Nice hit, Forrest!!!
Did you make that ash tray? Looks awsome.


----------



## GolfNut (Jun 29, 2008)

MrMaduro said:


> Nice hit, Forrest!!!
> Did you make that ash tray? Looks awsome.


Yeah, I needed to do something special since he hit me with my first bomb!

You know what they say...you never forget your first. :biggrin:

Anywho, I didn't have sticks to give, but I've been turning for almost 20 years, so I knew I could find a good way to say thanks.

I'd been saving that hunk of special walnut for about 4 years for something, and this was it!


----------



## CGARMAN23 (May 16, 2008)

very nice and the cigars are also great


----------



## karmaz00 (Dec 5, 2007)

very nice


----------



## EKGOTSKILLZZ (Jun 17, 2008)

nice ash tray and i like those cabiguans......they are my favorite


----------



## LkyLindy (Feb 1, 2008)

Wow -I couldn't see the Forrest thru the ............ash tray and great smokes


----------



## GolfNut (Jun 29, 2008)

LkyLindy said:


> Wow -I couldn't see the Forrest thru the ............ash tray and great smokes


HAH! Come on now guys, get original. I'm still waiting for the "Run Forrest RUN!" Yeah, that one never gets old! :biggrin:


----------



## DOZER (Sep 30, 2007)

Sweet!

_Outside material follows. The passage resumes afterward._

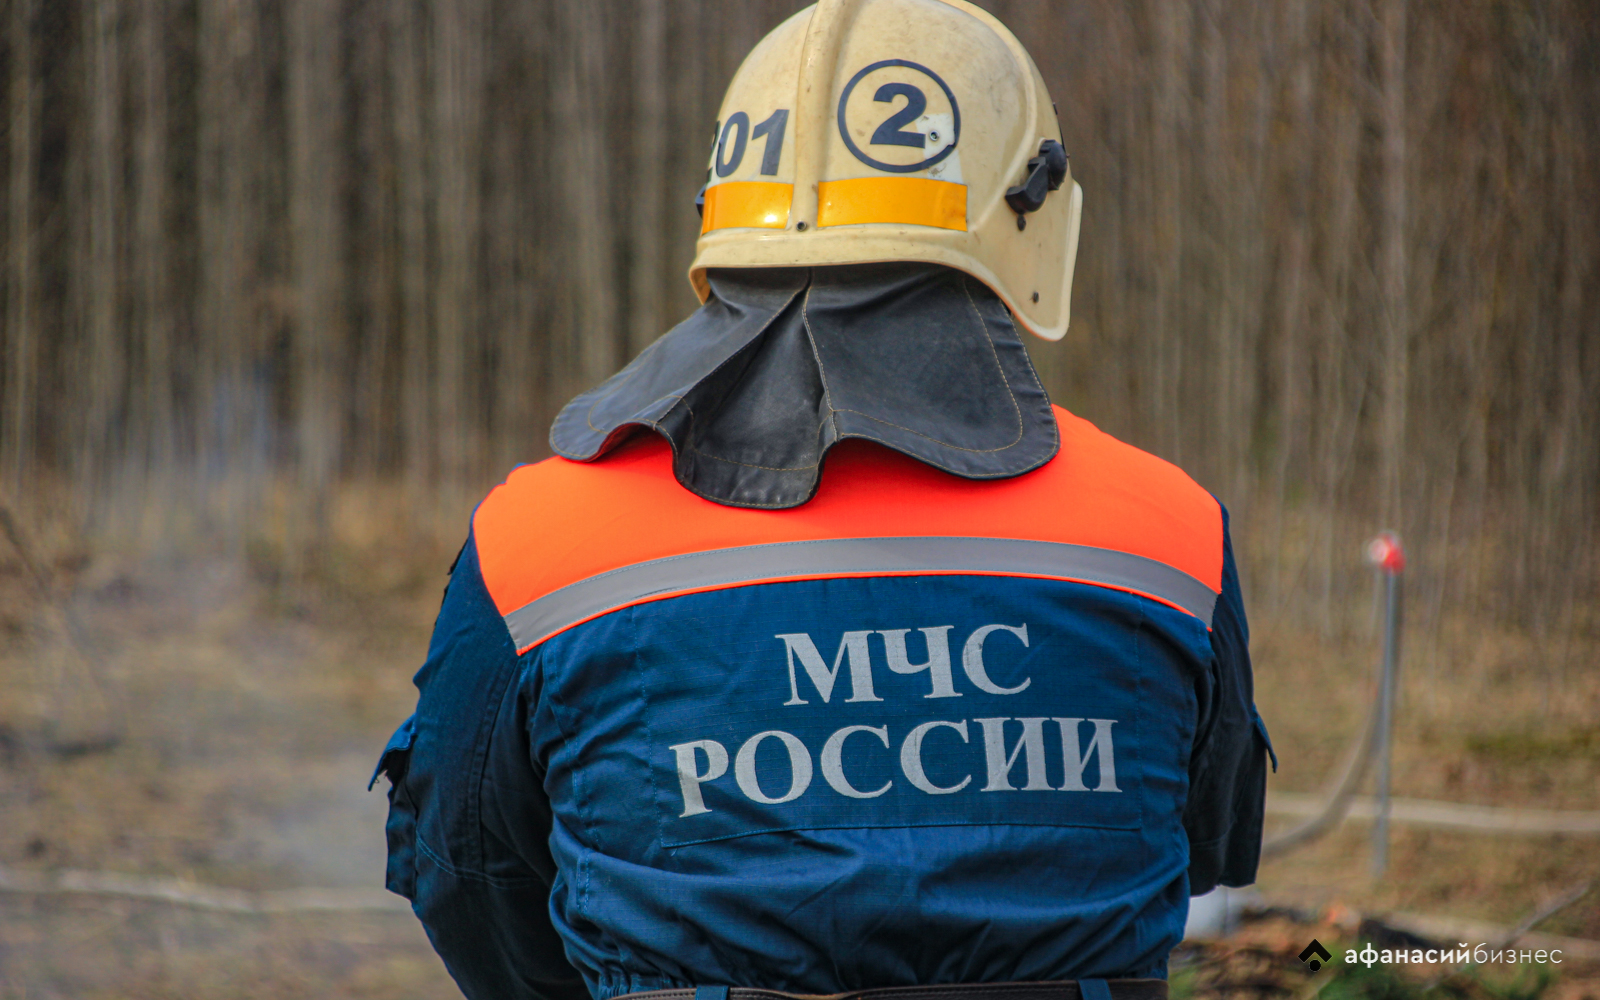 В каких случаях будет вводиться режим чрезвычайной ситуации, определили в МЧС России - новости Афанасий
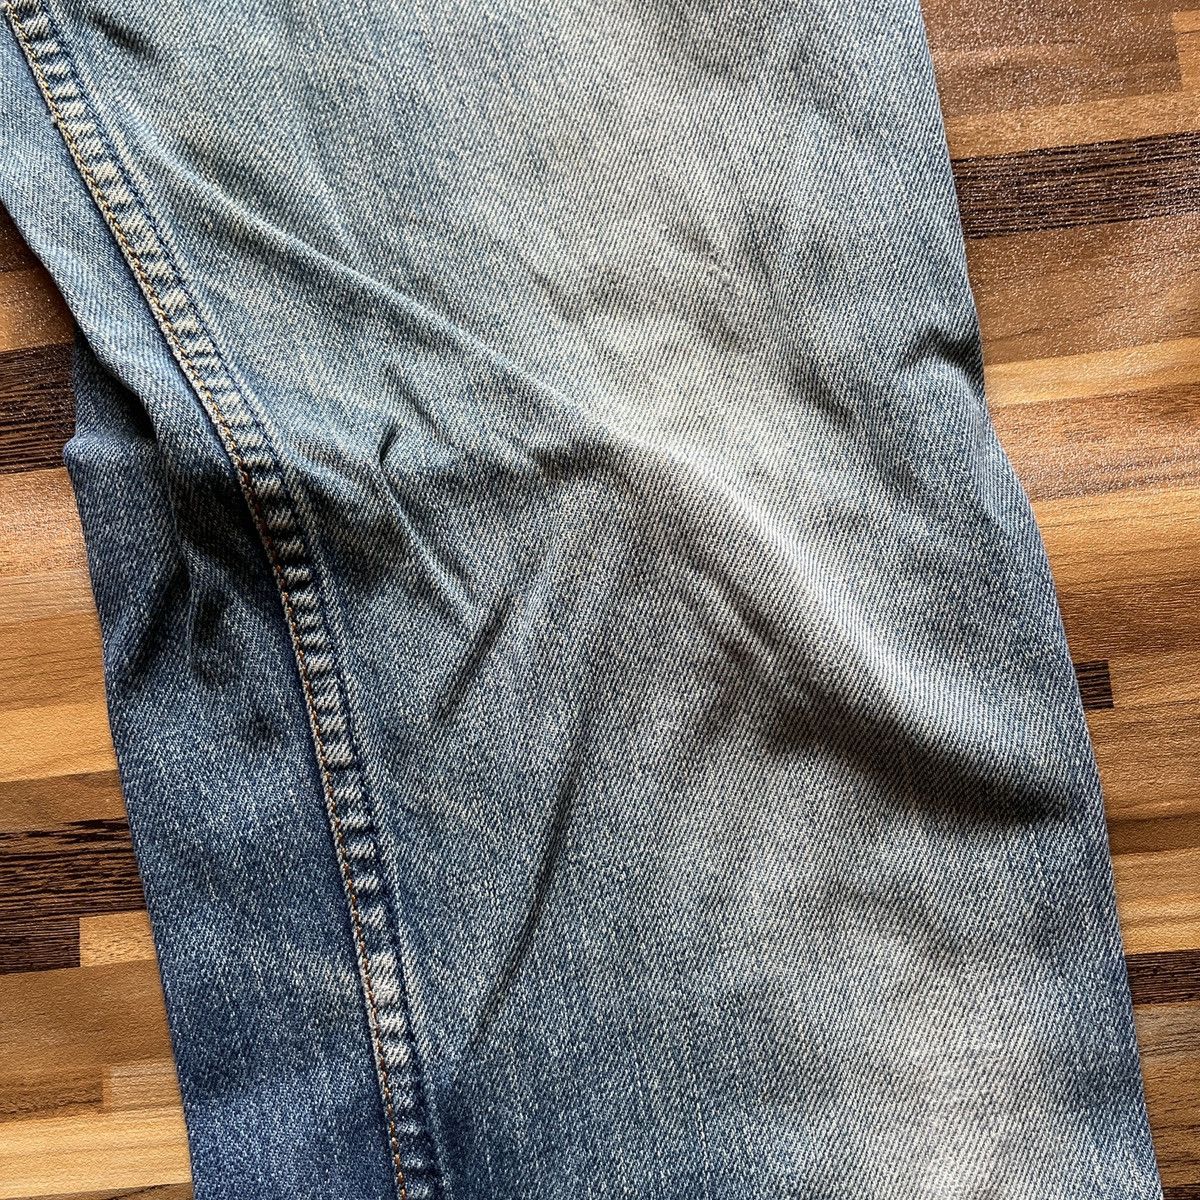 Vintage 1980s Levi's 603 Denim Jeans Straight Cut - 8

I got me a couple of those coming my way.


----------



## jam (Dec 29, 2007)

Thats a sweet ashtray


----------



## sseagle (Jun 5, 2008)

I'd love to see one in cherry.. I love making things out of cherry.


----------



## mdj65 (Jun 22, 2008)

Wow, that is awesome! Very nice work.


----------



## eggwhites (Apr 20, 2008)

sseagle said:


> I'd love to see one in cherry...


 definitely.


----------



## big04deuce (May 16, 2008)

GolfNut said:


> Yeah, I needed to do something special since he hit me with my first bomb!
> 
> You know what they say...you never forget your first. :biggrin:
> 
> ...


Holy Cow Forrest, It is an incredible piece of work!!! Can't wait until my wife gets back to show her. Thanks again brother!


----------



## Bullybreed (Jun 25, 2007)

A mighty fine specimen of a ashtray


----------



## azpostal (Jul 12, 2008)

very nice work


----------



## happy1 (Jun 29, 2007)

Great hit!!


----------



## PMM88Jr (Apr 22, 2008)

GolfNut said:


> HAH! Come on now guys, get original. I'm still waiting for the "Run Forrest RUN!" Yeah, that one never gets old! :biggrin:


I say, 'Run FROM Forrest, Run!'


----------



## mountchuck (May 30, 2008)

2 gorgeous smokes. I've tried so hard not to light up one of my Padron 40th.


----------



## HTOWNBLKGOLFR (May 1, 2007)

nice tray ...


----------



## maduro4me-cl (Jun 11, 2008)

Sweet! Very nice.


----------